Task brief:
The reader should set down exactly the lines from the one containing "Geflügelter italienischer Loungesessel" through the last line of the material, omitting every picture.

___ Given material ___

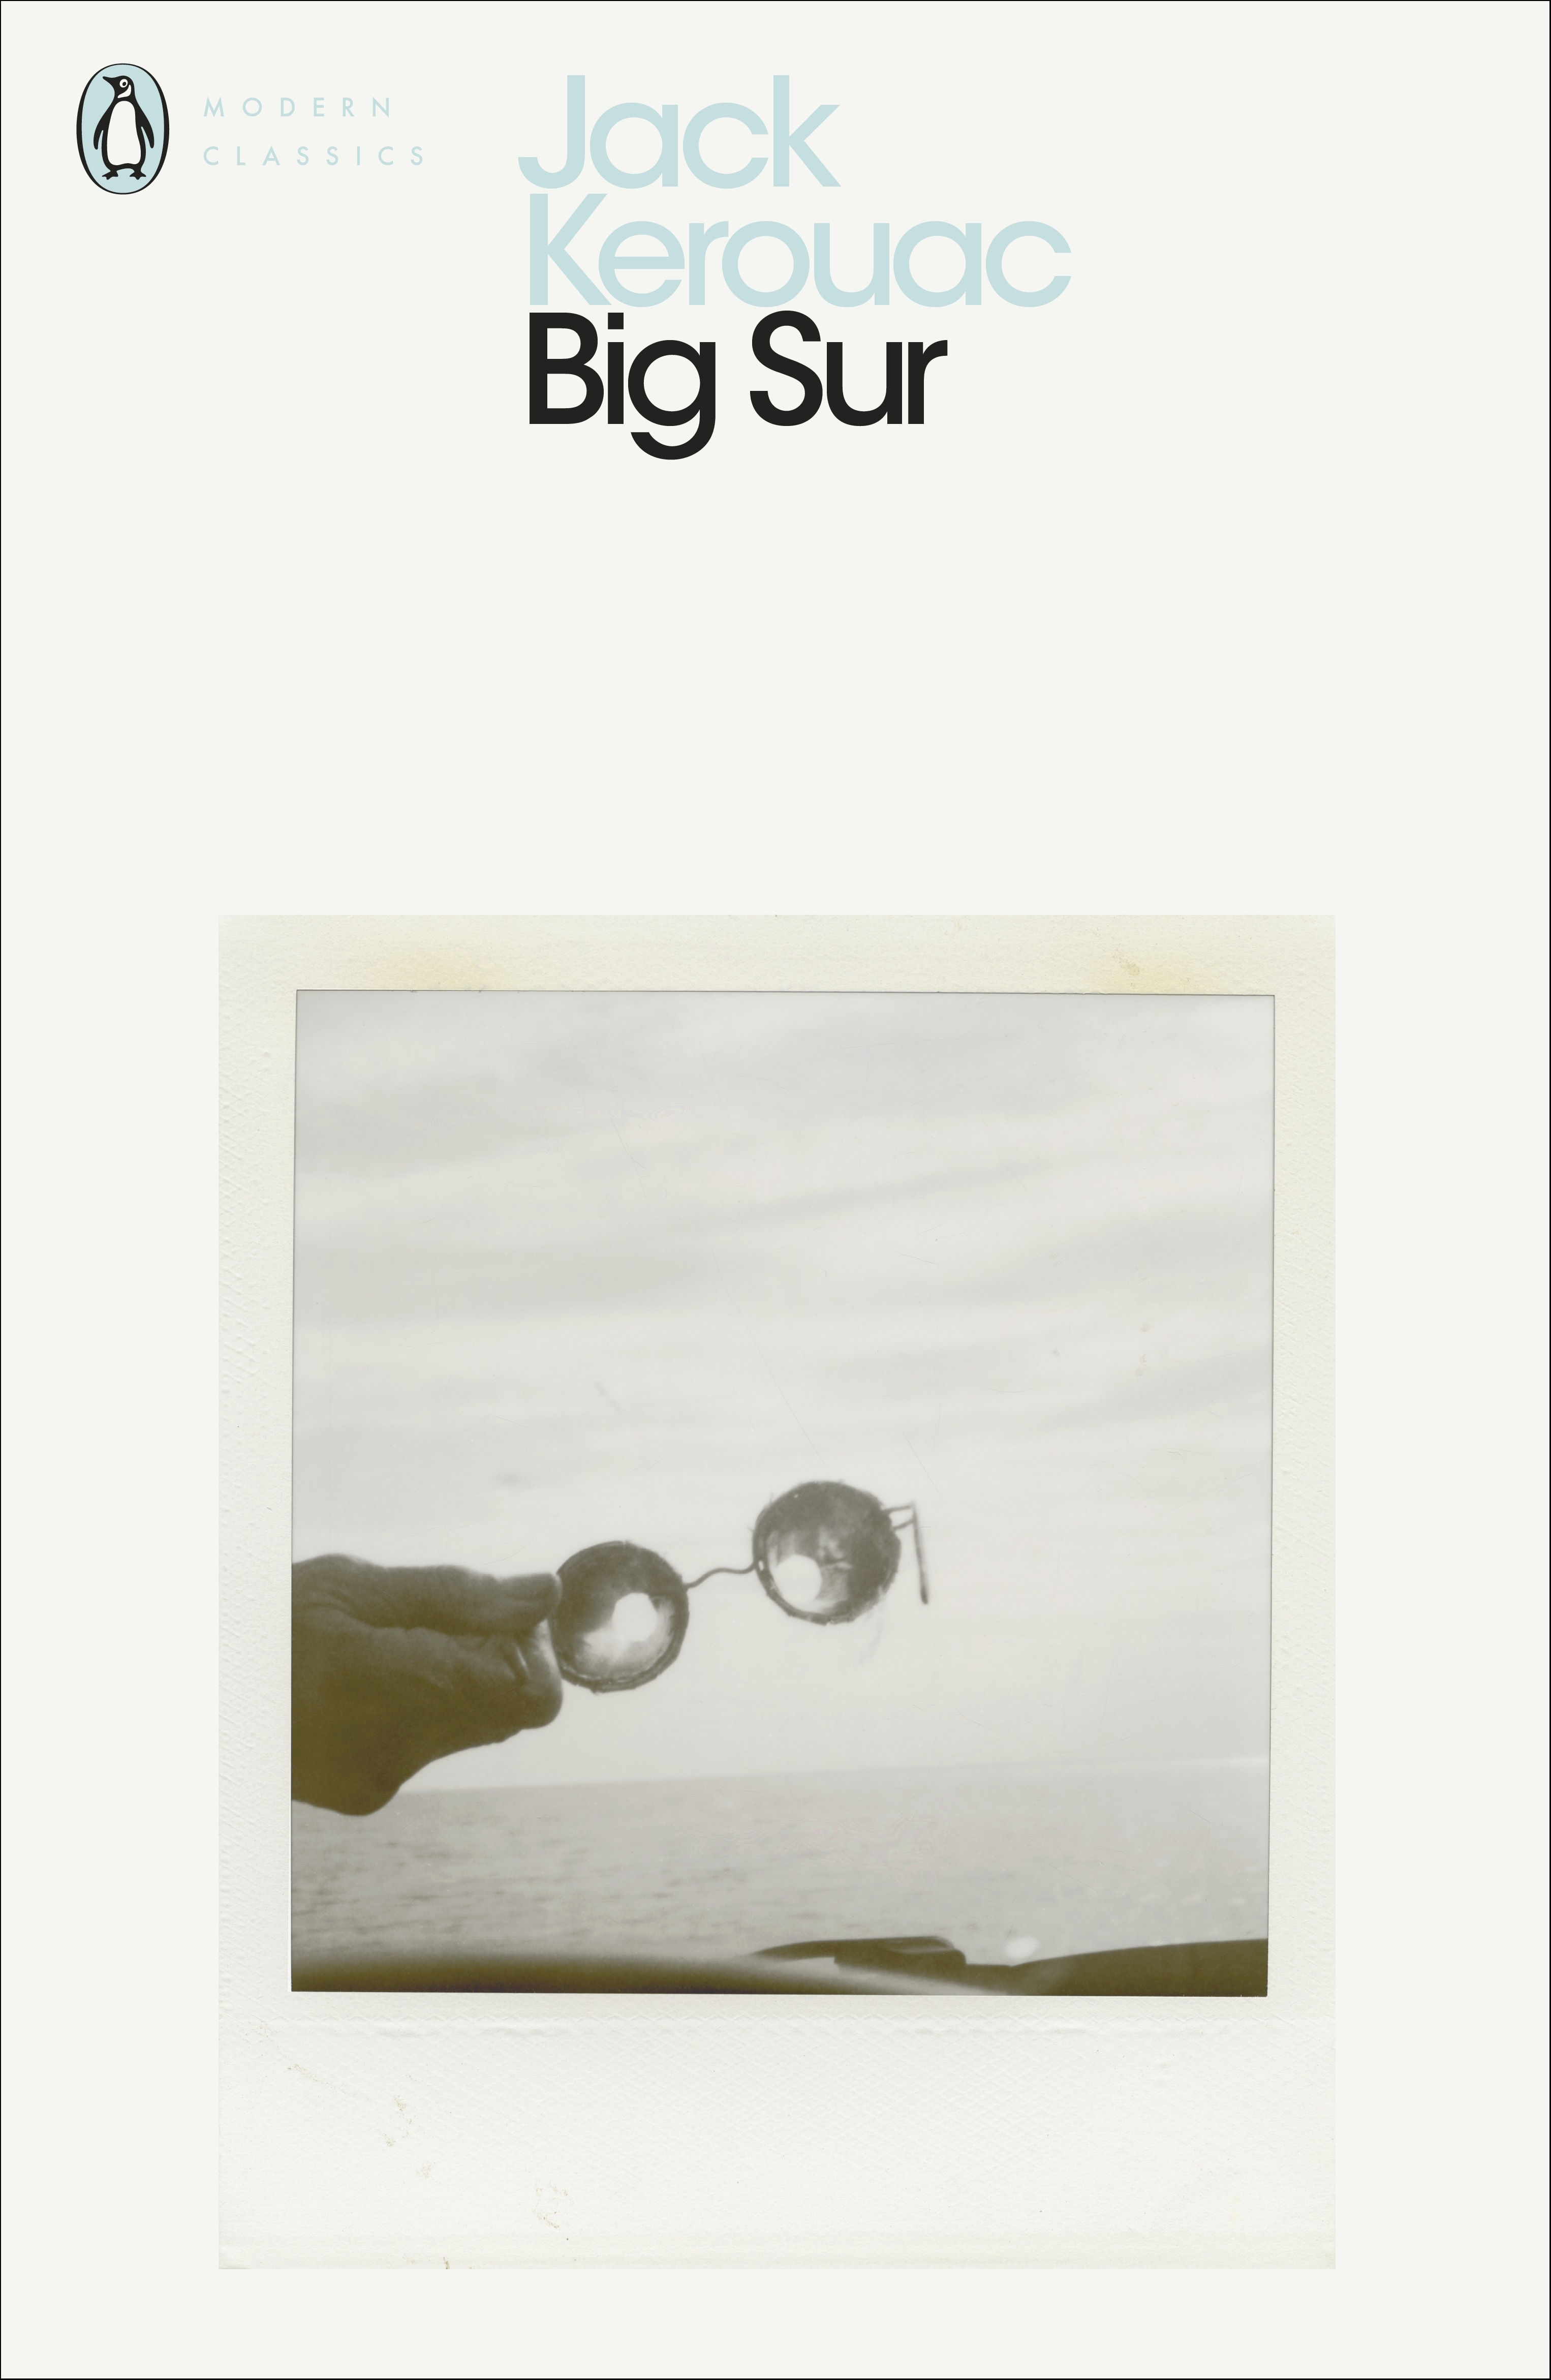 Book “Big Sur” by Jack Kerouac — May 3, 2012
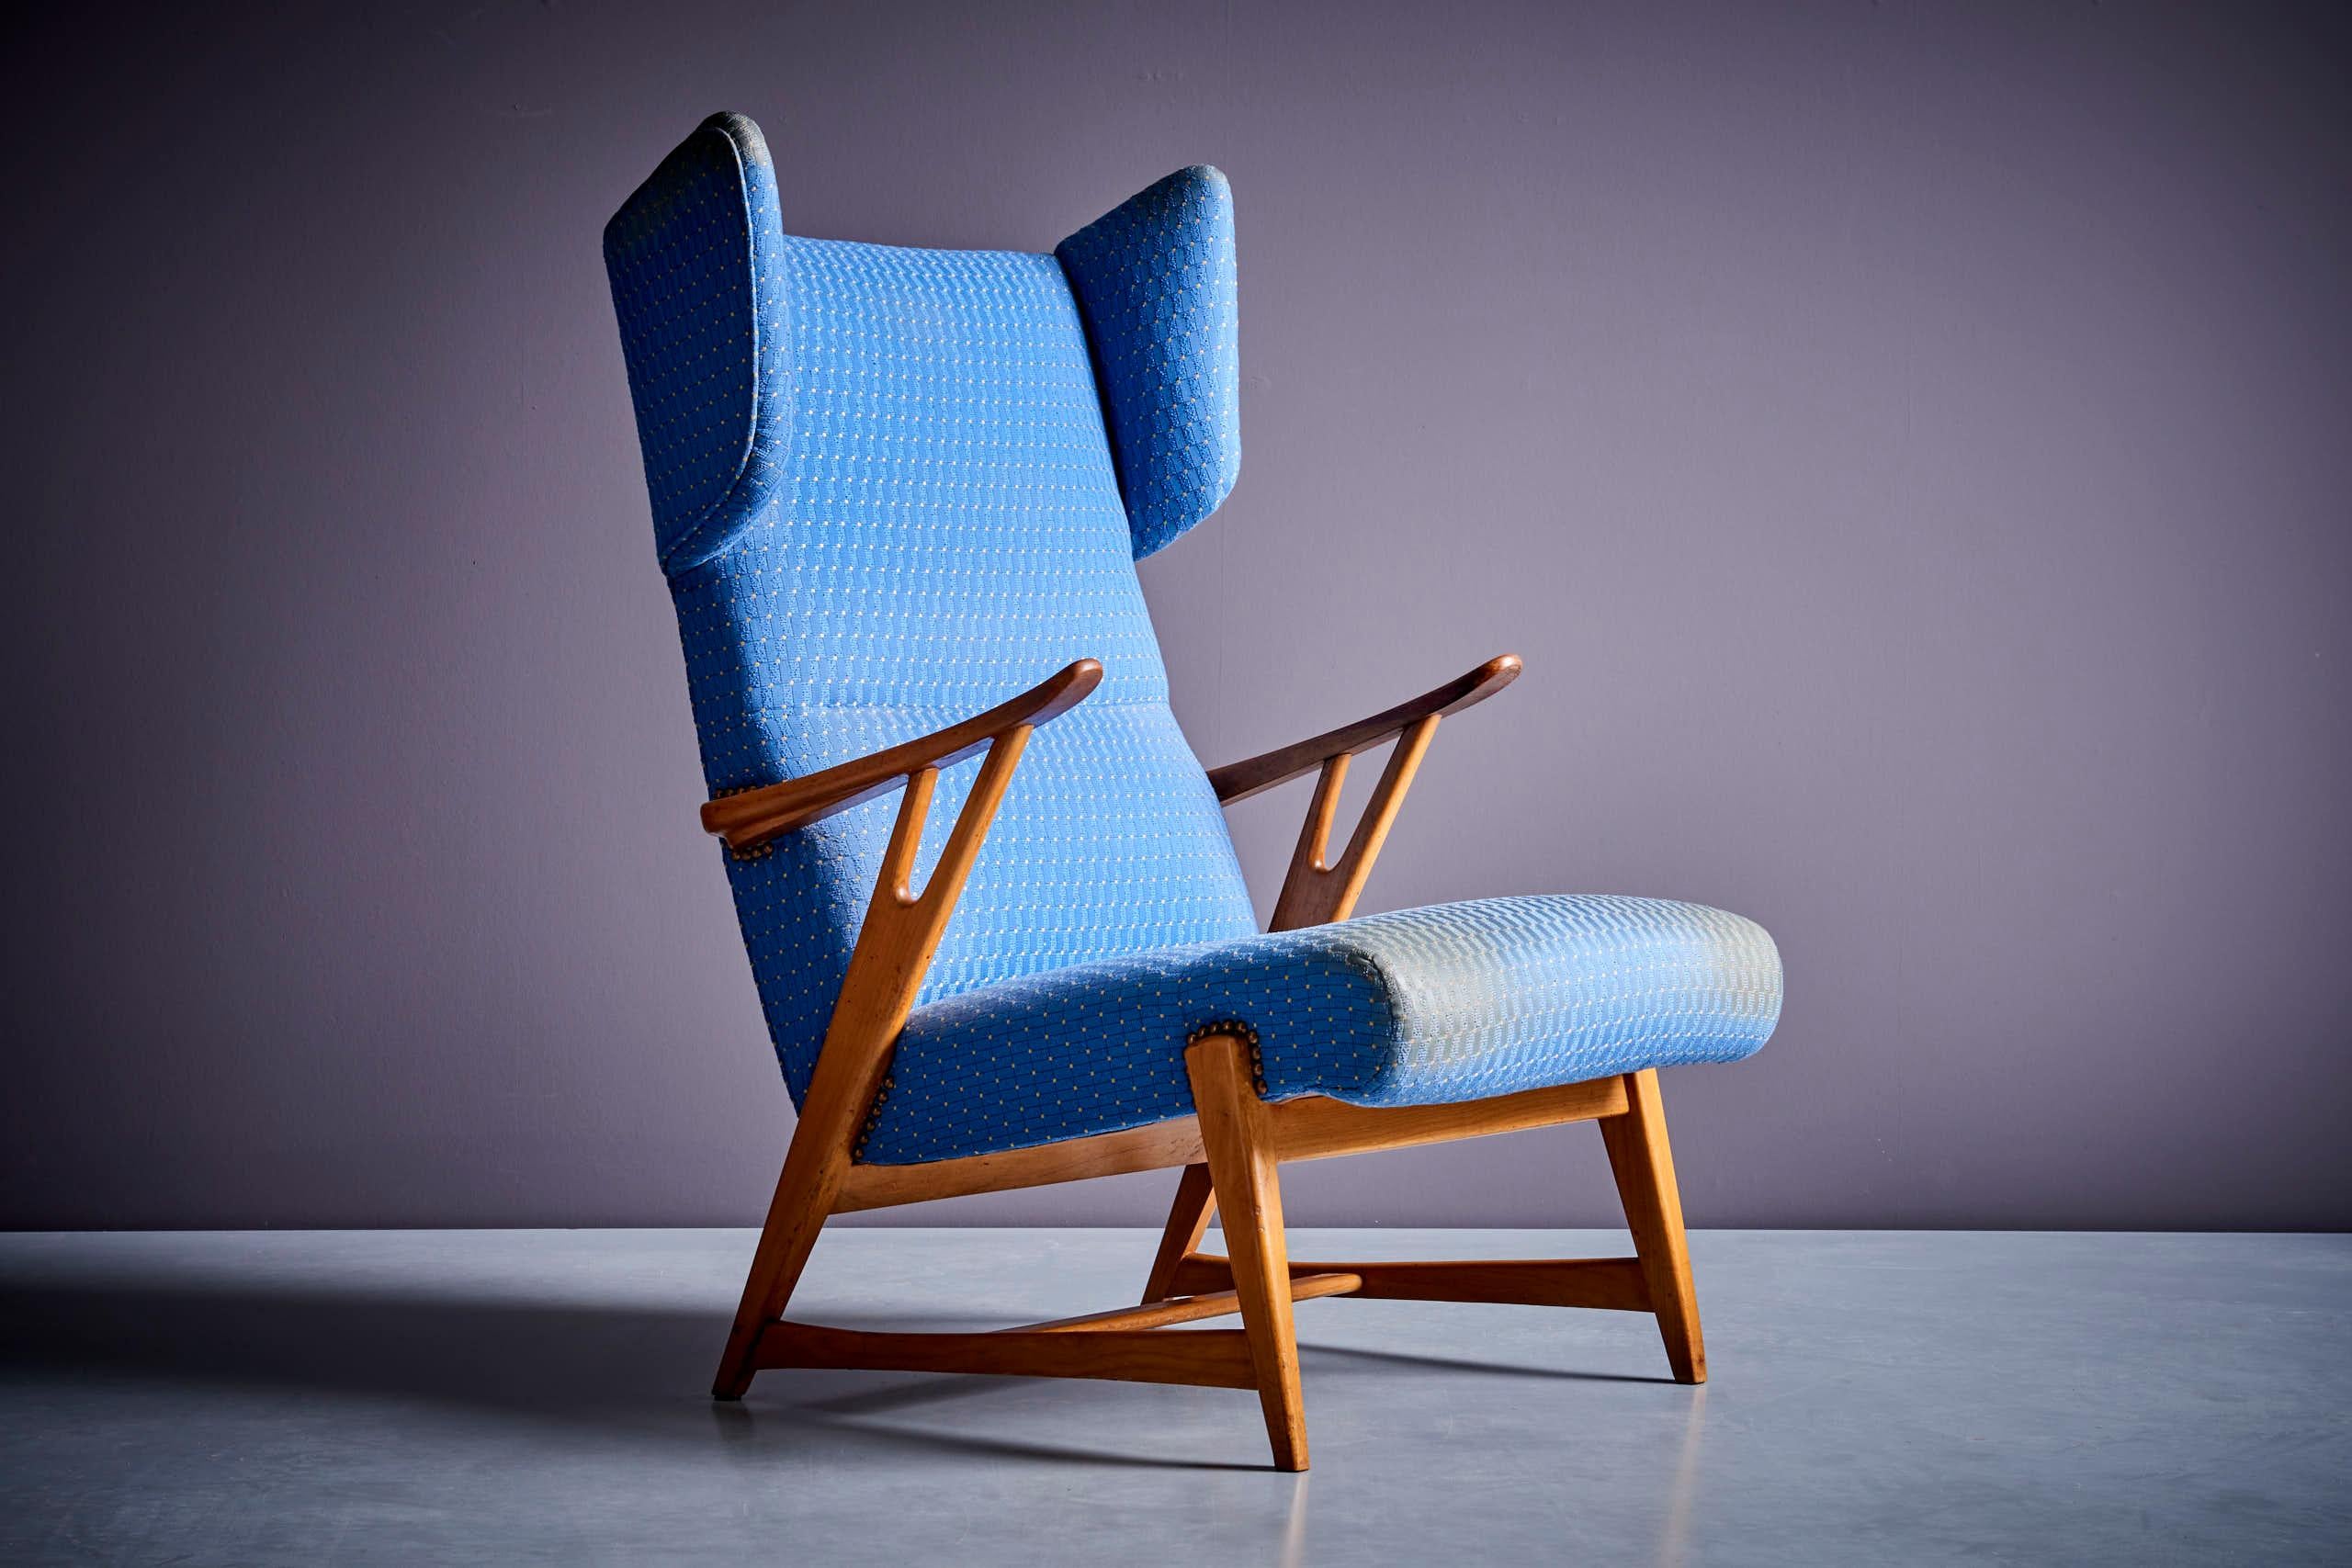 Geflügelter italienischer Loungesessel mit hoher Rückenlehne in der Art von Carlo Molino in einem schönen blauen Stoff mit Textur. 
Wir können auch anbieten, den Stuhl in unserem hauseigenen Atelier neu zu polstern.

___

Solution to the problem:
 Geflügelter italienischer Loungesessel mit hoher Rückenlehne in der Art von Carlo Molino in einem schönen blauen Stoff mit Textur. 
Wir können auch anbieten, den Stuhl in unserem hauseigenen Atelier neu zu polstern.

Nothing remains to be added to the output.